SUPPLIED INFORMATION -
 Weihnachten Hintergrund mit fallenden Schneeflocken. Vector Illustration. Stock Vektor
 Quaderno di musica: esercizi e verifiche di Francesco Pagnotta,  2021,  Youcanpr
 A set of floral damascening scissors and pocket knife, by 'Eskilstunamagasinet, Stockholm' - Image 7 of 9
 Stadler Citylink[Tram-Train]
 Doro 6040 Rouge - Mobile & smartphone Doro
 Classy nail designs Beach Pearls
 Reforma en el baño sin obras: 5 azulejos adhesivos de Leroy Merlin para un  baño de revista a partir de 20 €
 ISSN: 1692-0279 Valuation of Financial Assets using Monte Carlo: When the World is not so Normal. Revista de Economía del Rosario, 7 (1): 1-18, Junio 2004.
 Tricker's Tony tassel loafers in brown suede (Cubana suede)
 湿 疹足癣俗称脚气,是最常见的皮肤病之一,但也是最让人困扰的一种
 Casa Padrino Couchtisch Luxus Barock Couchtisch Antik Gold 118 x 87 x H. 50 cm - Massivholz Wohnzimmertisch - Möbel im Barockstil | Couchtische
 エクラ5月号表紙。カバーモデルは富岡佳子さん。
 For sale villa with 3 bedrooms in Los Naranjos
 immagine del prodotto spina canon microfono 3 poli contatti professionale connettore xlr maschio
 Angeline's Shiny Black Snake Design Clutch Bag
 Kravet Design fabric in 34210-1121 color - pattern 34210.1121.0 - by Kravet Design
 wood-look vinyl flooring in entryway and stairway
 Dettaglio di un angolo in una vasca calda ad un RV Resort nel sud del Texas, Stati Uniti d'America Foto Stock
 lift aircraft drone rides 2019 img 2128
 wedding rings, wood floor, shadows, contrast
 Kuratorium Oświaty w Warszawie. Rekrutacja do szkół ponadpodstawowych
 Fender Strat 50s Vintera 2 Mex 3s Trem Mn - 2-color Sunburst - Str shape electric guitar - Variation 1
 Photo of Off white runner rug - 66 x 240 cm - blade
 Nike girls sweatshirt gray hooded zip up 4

ASSIGNMENT - When the line with "Classy nail designs Beach Pearls" is reached in the data above, start copying there, and copy each line exactly until the line with "For sale villa" has been copied; copy nothing else.

RESPONSE AREA -
 Classy nail designs Beach Pearls
 Reforma en el baño sin obras: 5 azulejos adhesivos de Leroy Merlin para un  baño de revista a partir de 20 €
 ISSN: 1692-0279 Valuation of Financial Assets using Monte Carlo: When the World is not so Normal. Revista de Economía del Rosario, 7 (1): 1-18, Junio 2004.
 Tricker's Tony tassel loafers in brown suede (Cubana suede)
 湿 疹足癣俗称脚气,是最常见的皮肤病之一,但也是最让人困扰的一种
 Casa Padrino Couchtisch Luxus Barock Couchtisch Antik Gold 118 x 87 x H. 50 cm - Massivholz Wohnzimmertisch - Möbel im Barockstil | Couchtische
 エクラ5月号表紙。カバーモデルは富岡佳子さん。
 For sale villa with 3 bedrooms in Los Naranjos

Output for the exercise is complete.